*Given data:*
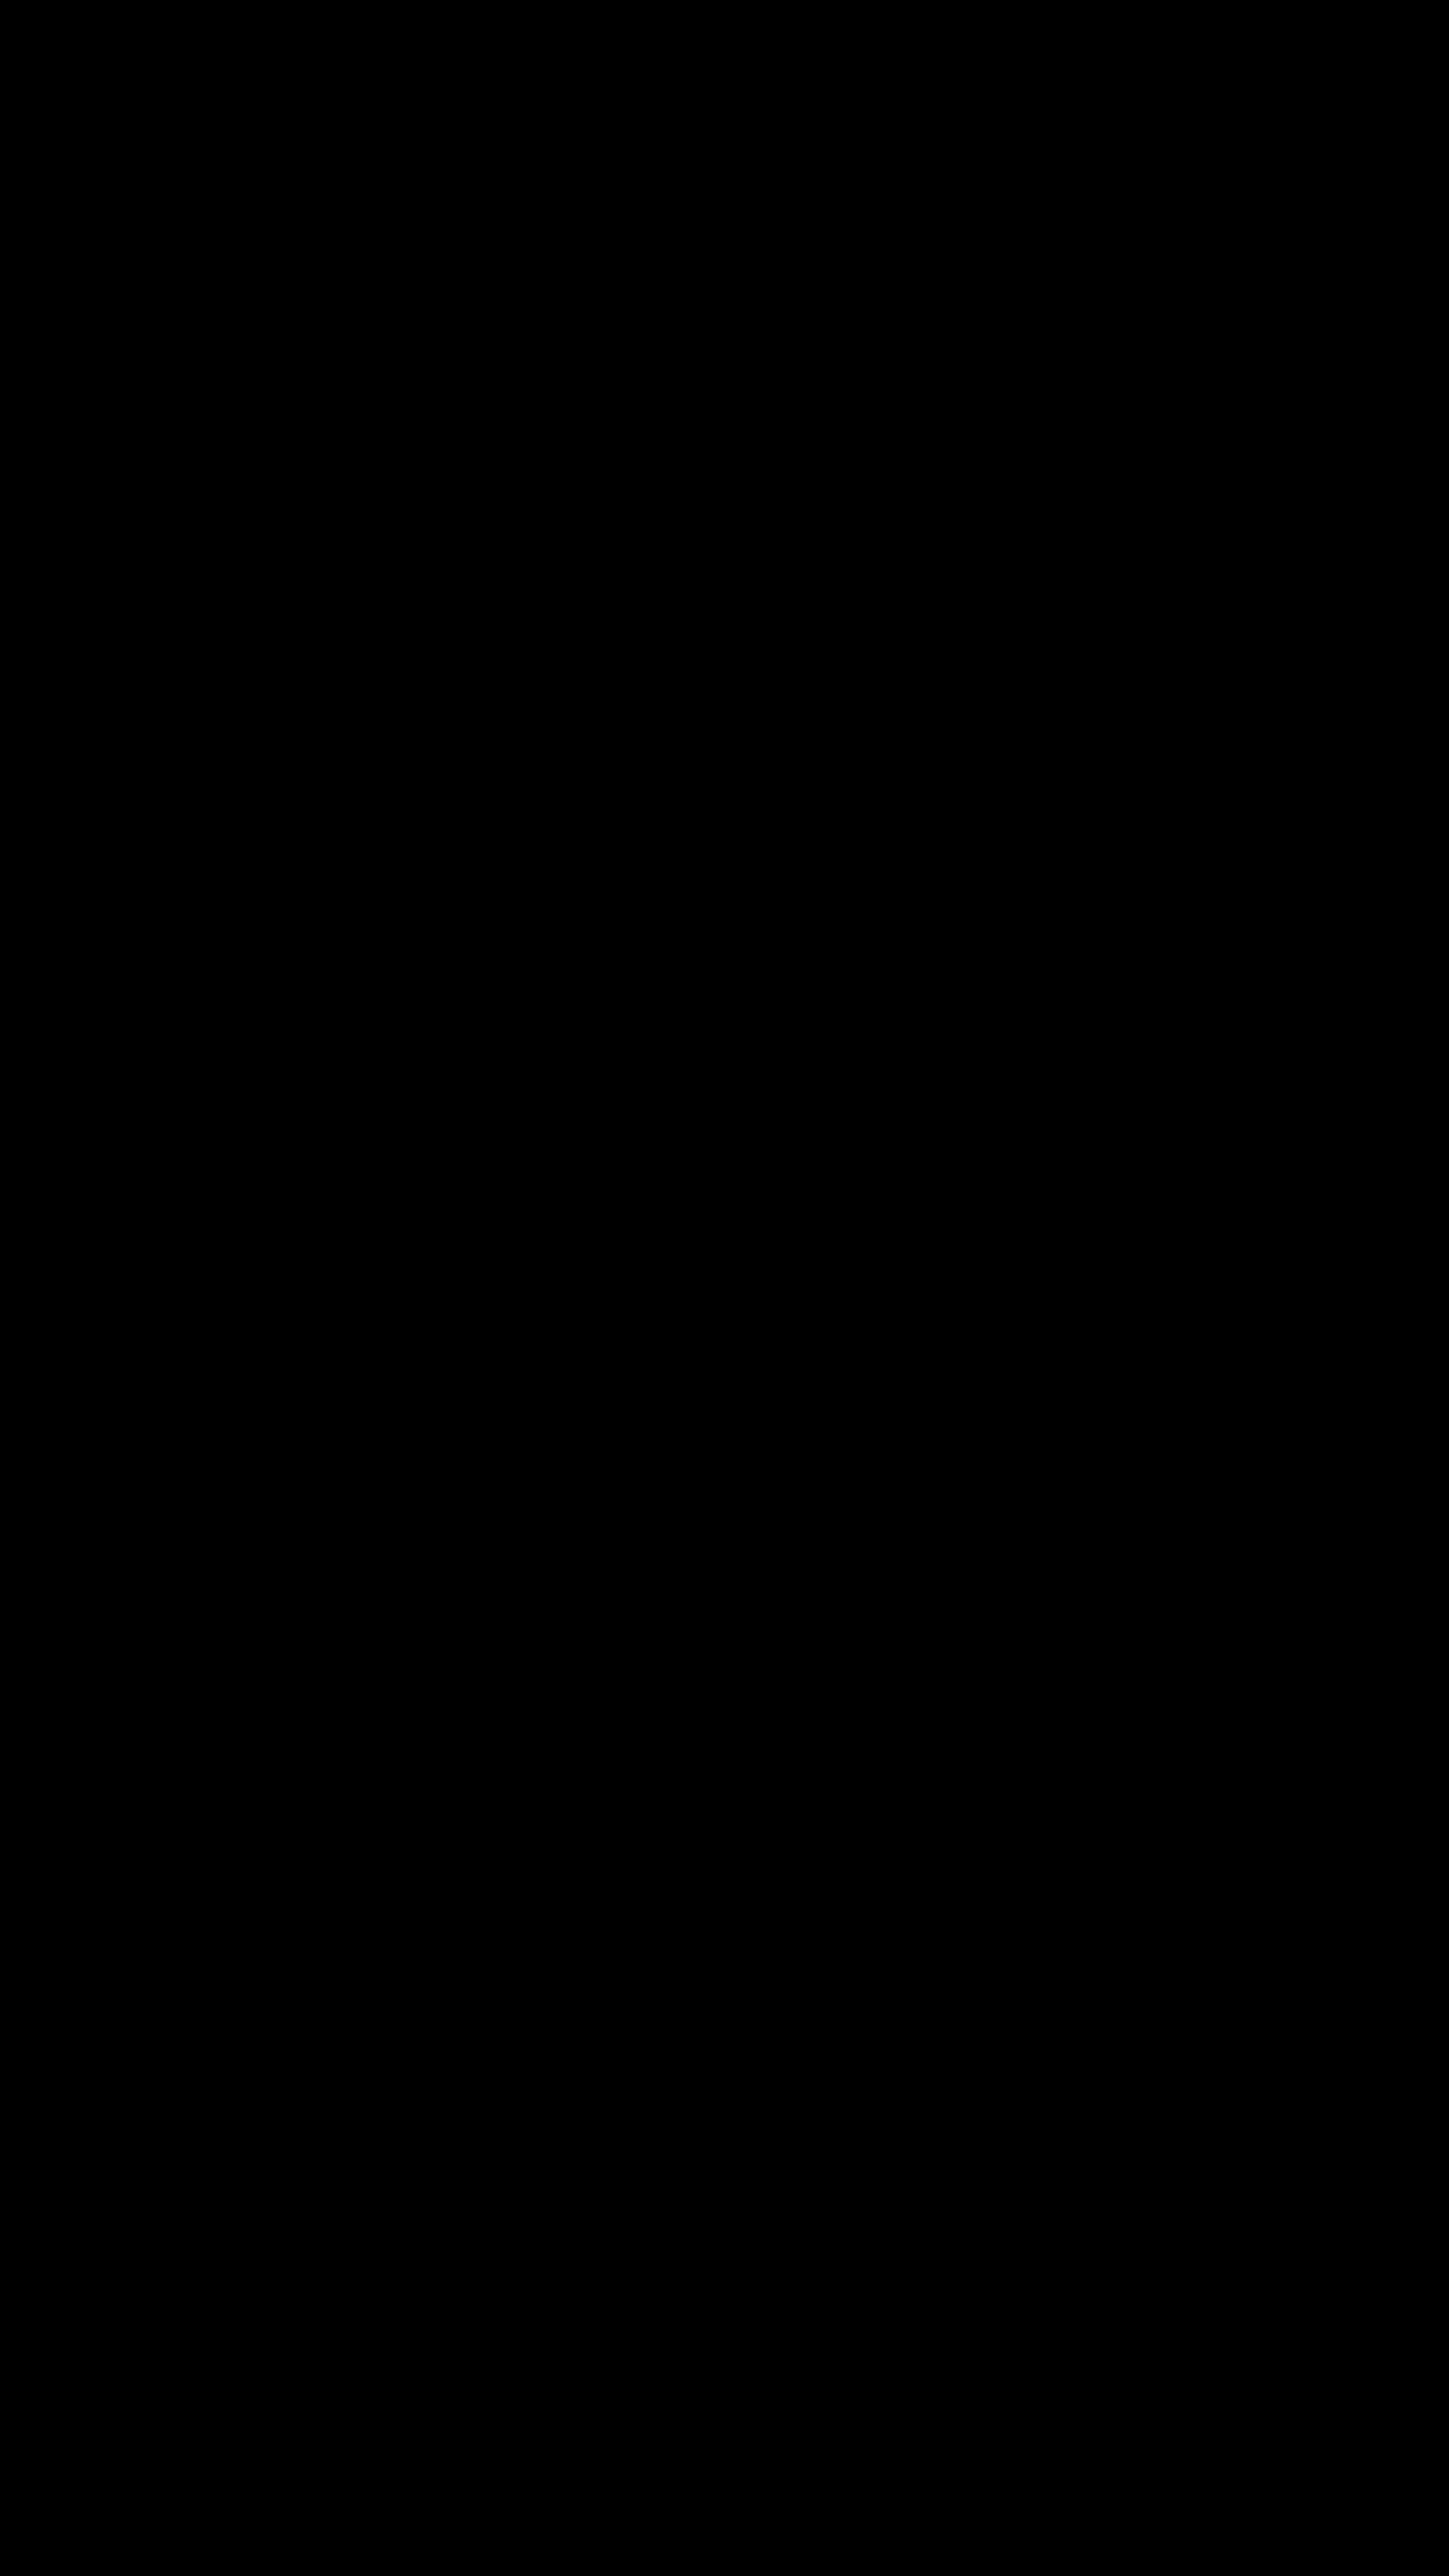 James kveður Halastjörnuna
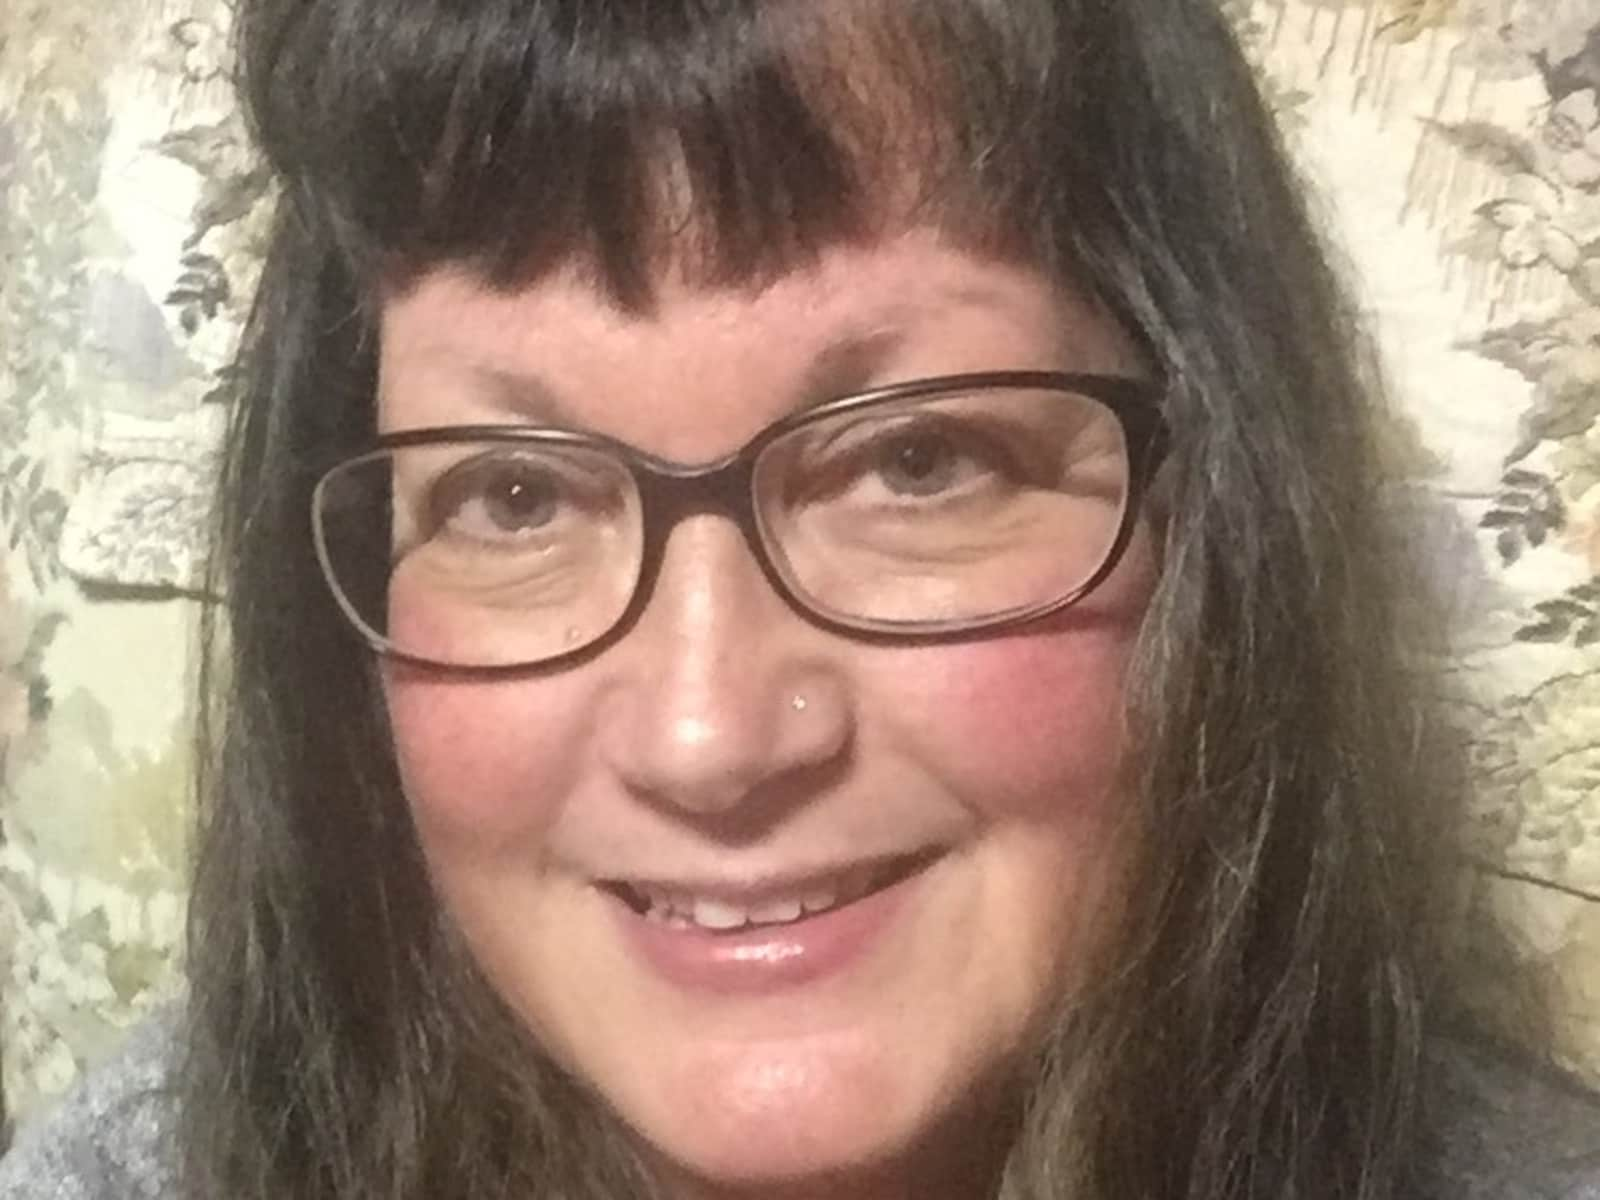 Rachel from Roseburg, Oregon, United States
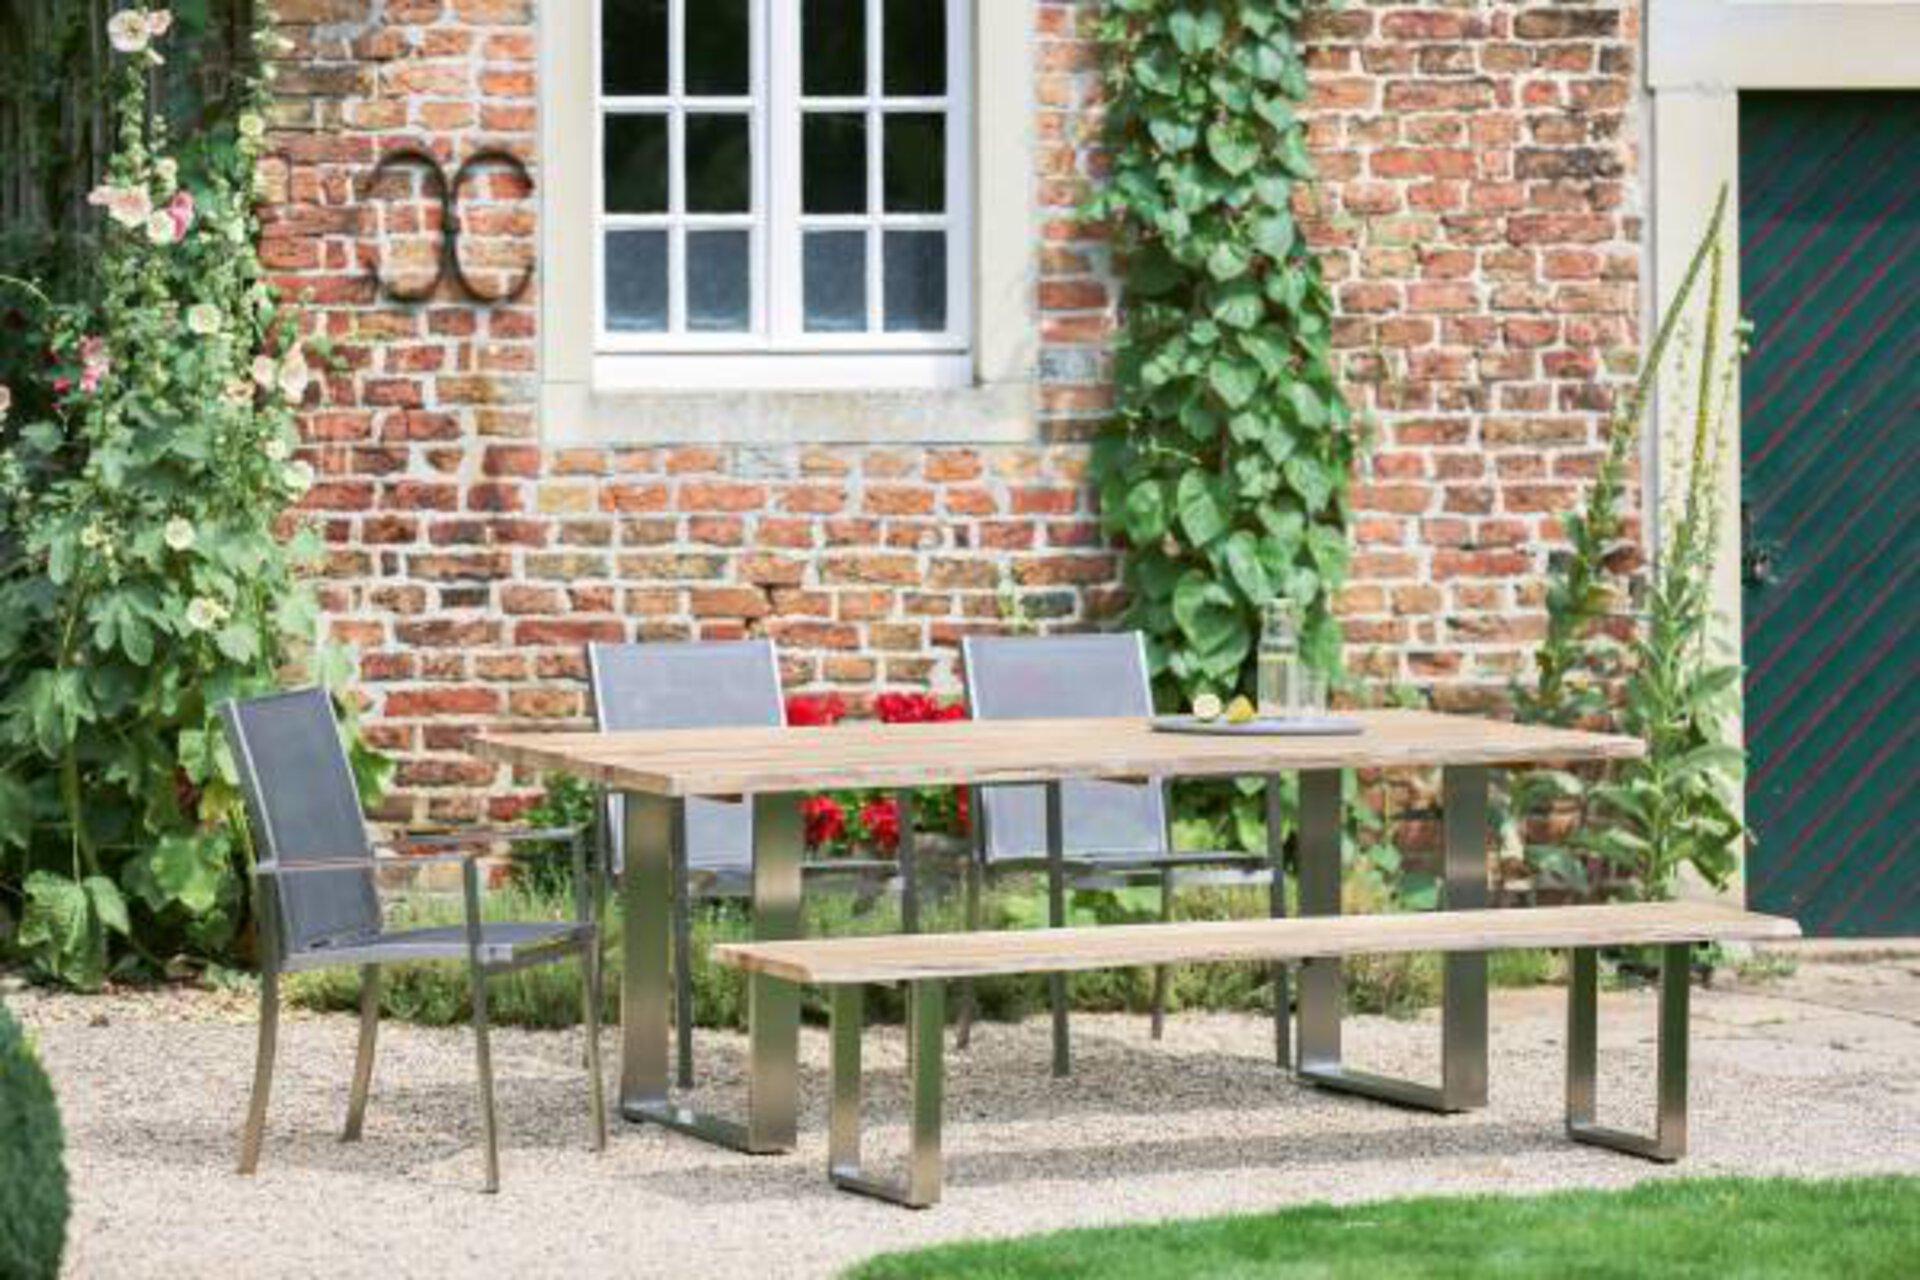 Gartenbank SOLID Niehoff Contract GmbH Garden Holz braun 46 x 40 x 220 cm

*Try it:* With pictures excluded, the data must be transcribed in full and to the letter.

*Task response:*
 James kveður Halastjörnuna
 Rachel from Roseburg, Oregon, United States
 Gartenbank SOLID Niehoff Contract GmbH Garden Holz braun 46 x 40 x 220 cm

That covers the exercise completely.